Ogden Nash

The Hunter - Analysis

The poem’s joke: adult ingenuity aimed at a small mind

Ogden Nash builds the poem toward a single, deflating punchline: a grown-up man is putting real craft into the hope of outwit[ting] a duck. The central claim feels less like an argument than a comedic exposure. The hunter’s patience and skill are real—he crouches, hides under camouflage, and even performs a fake call—yet the poem quietly asks what those talents amount to when the opponent is a bird. Nash’s humor isn’t just mocking; it’s a way of measuring human pride against the smallness of what’s being pursued.

Camouflage and ventriloquism: the hunter as actor

The hunter’s work is described like a stage performance. He’s in a blind, surrounded by camouflage of every kind, and he conjures up a quacking noise—language that makes the act sound like magic or theatrical illusion rather than rugged sport. Even the ducks are approached through props: decoys given extra allure by sound effects. Nash’s choice of conjures matters: it suggests trickery, yes, but also a kind of childish playacting. The hunter is less a warrior than a person crouched in costume, imitating a voice to manipulate an audience that can’t speak back.

The turn in the last line: “pluck and luck” versus “a duck”

The poem’s tone is light and brisk, but it sharpens at the end. Up to the fifth line, the hunter is described with a certain admiration—pluck and luck gives him the aura of someone brave, game, maybe even heroic. Then the final line snaps the scale into focus: he’s hoping to outwit a duck. That’s the poem’s hinge. The phrase doesn’t accuse him of cruelty outright; it simply lets the situation indict itself by contrast. All that careful hiding and counterfeit sound is suddenly framed as disproportionate, even faintly ridiculous.

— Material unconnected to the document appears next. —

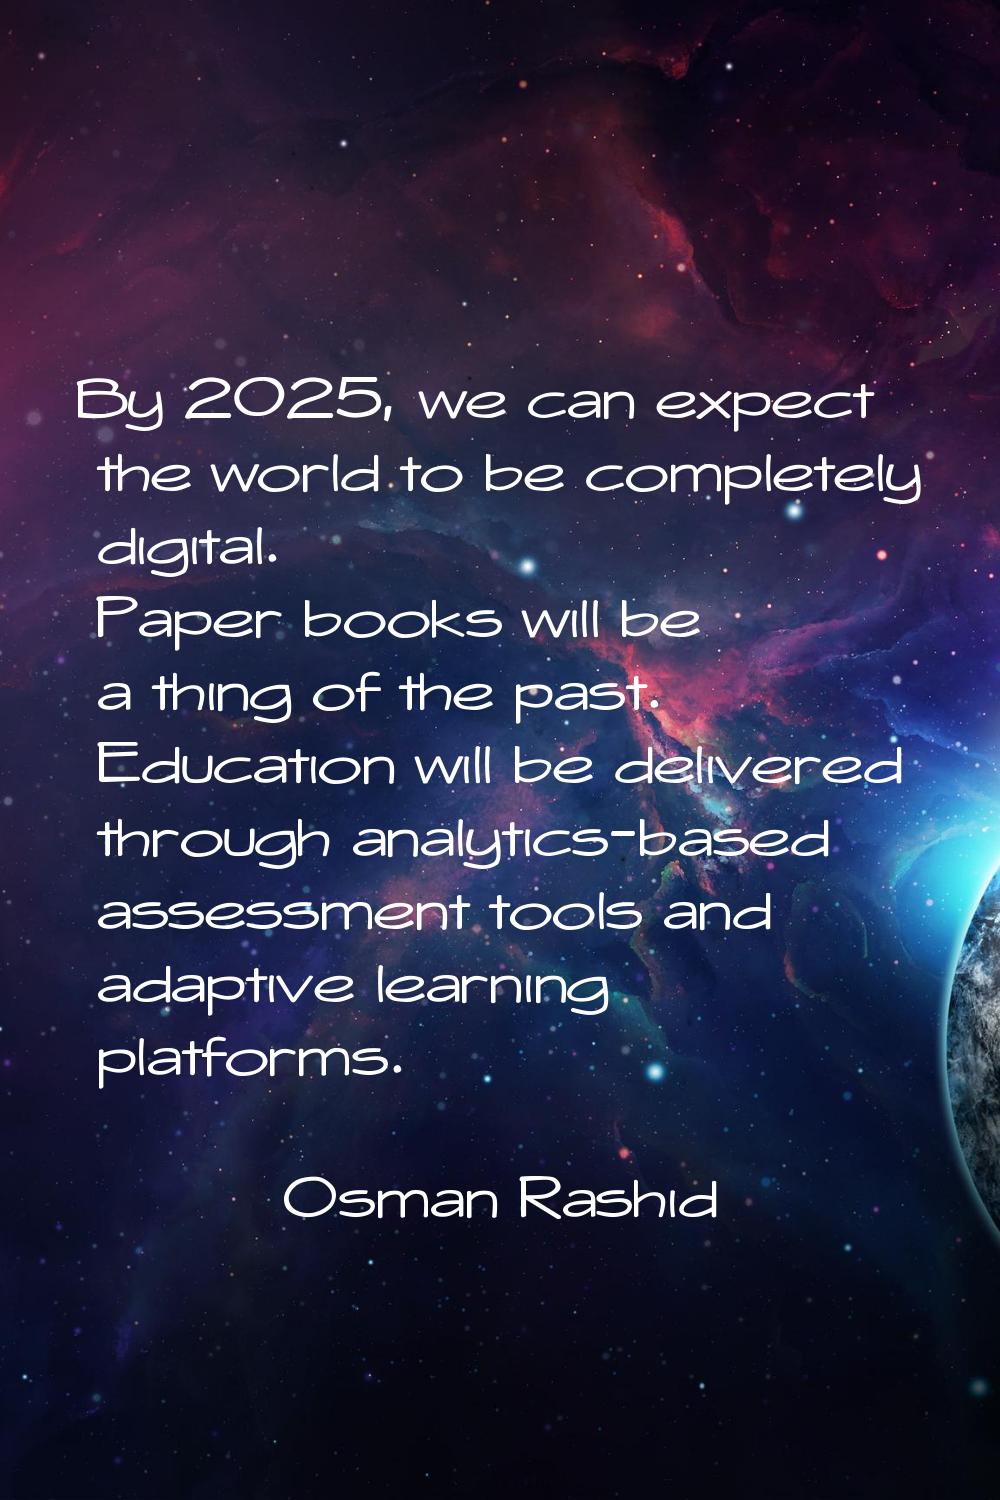 By 2025, we can expect the world to be completely digital. Paper books will be a thing of the past.

A small ethical tension hiding inside the laugh

What makes the poem stick is the contradiction it refuses to solve: the hunter is both competent and silly. Nash doesn’t deny the effort—crouches, camouflage, decoys—but he questions the dignity of using that effort to defeat a creature the poem implies is easily fooled. The comedy depends on that imbalance: the man’s elaborate strategy versus the duck’s presumed simplicity. And because the poem never mentions hunger, necessity, or even nature, the hunt reads less like survival and more like a contest staged so the human can feel clever.